First of all let's talk about the speed and rhythm of the nod - how quick and animated it is:
Now the direction -
The head is the center of your sensors and therefore will point itself to see, hear and smell more of what it likes and move away from the things it doesn't like.
So if people don't look at you while they nod it can mean that they're distracted and nod only for show
It can also mean that they’re still thinking about something you said earlier. It's hard to think deeply and maintain eye contact, it’s their "processing" time. Don't take it personally and often allow your listener a few moments of reflection, or just clarify your words.
It's a quick dip of the head downwards or a little toss of the head backwards, usually to signal recognition. It's a nonverbal way of greetings when shaking hands seems inappropriate or uncomfortable OR a prelude to such physical contact.
Just think about it as a substitute for saying "I see you, hi there"

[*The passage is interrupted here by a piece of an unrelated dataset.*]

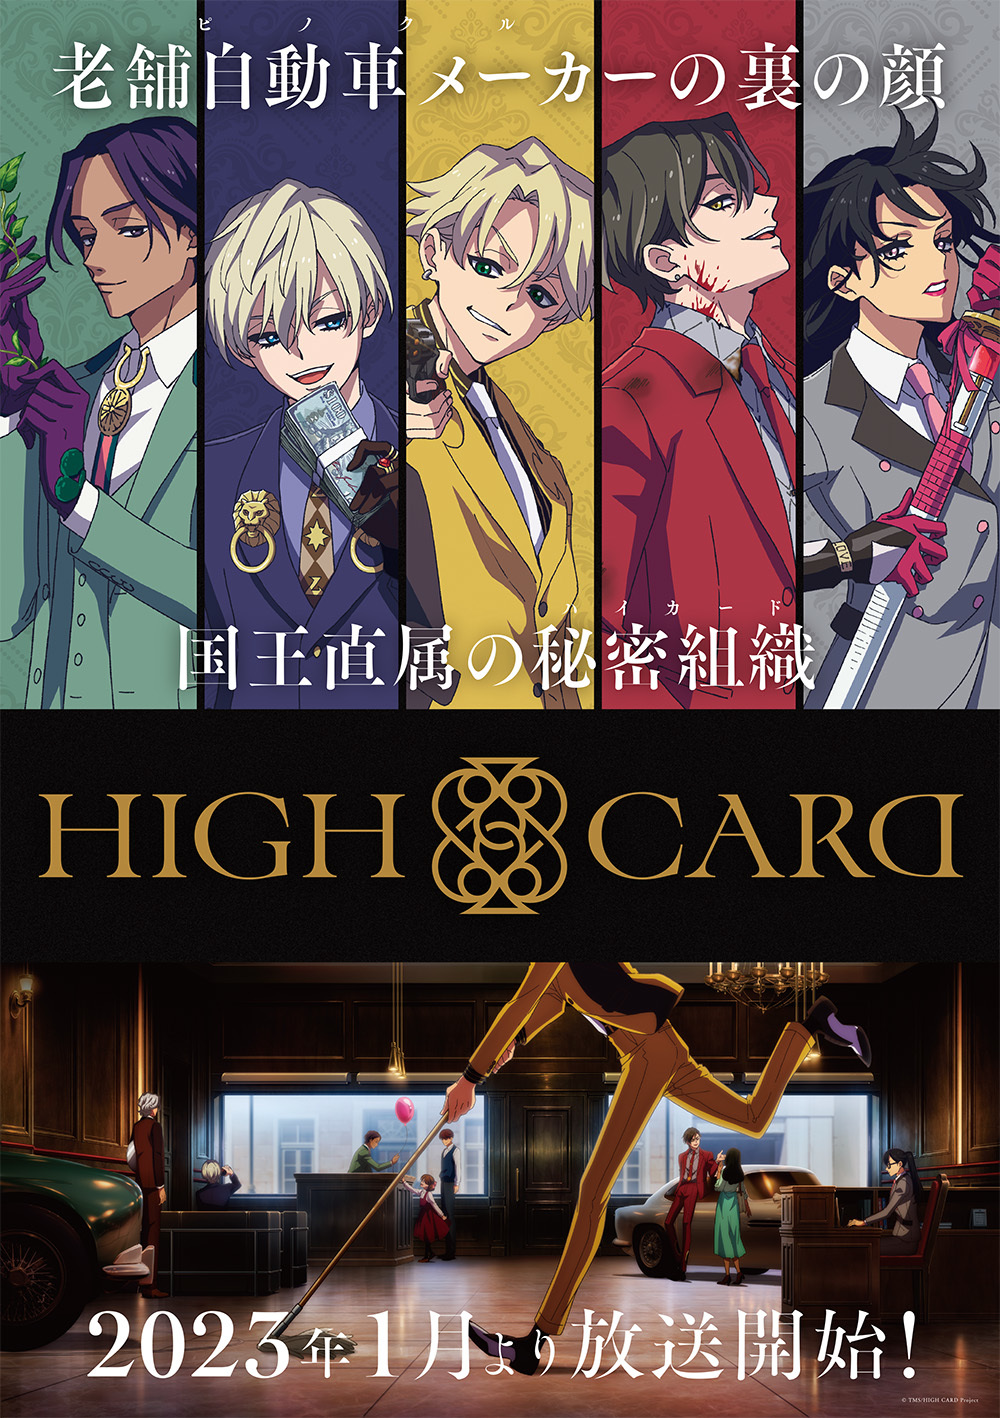 TVアニメ『HIGH CARD』 (C) TMS/HIGH CARD Project

Another example from "friends" - Joey's "How you doing?" usually combined with his head beckoning.
A quick note however: People who use this head nod for greetings do so because they prefer to keep their distance and avoid looking too eager. This way they can establish a formal level to the interaction and maintain their 'cool' facade.
Example: Think about a high status manager who meets one of his workers during work. The manager will beckon his head to say hello and recognize the person in front of him, but he will probably avoid shaking hands or making more empathetic gestures because he prefers to keep things on a formal level. In fact, acting more lively than expected with a subordinate can lead to confusion and suspiciousness from the subordinate side.
With these facts in mind you gain a new power over your interactions:
Nod when you want to encourage and hear more. It's extremely useful when you do want to know more about a specific point in their speech. It encourages the speaker to continue - they see that you like what you hear.
E.g. suppose you're an interviewer and you think your interviewee holds back on a certain subject. Try to encourage him to delve deeper by nodding sympathetically while he speaks on that specific point - he might feel it’s safe enough to open up to you.
Nodding too much however loses its effect, as anything you do too repetitively, you just start being a phony or a boot-licker.
If you’re tired and bored you can always hold your head still or to look away, many times people just nod out of politeness, but the non-observant speaker misinterpret this as agreement and encouraged to continue - and the cycle continues.
Also remember that nodding doesn't always means that someone agrees with you, it can signal understanding, but not necessarily that he thinks the same way as you.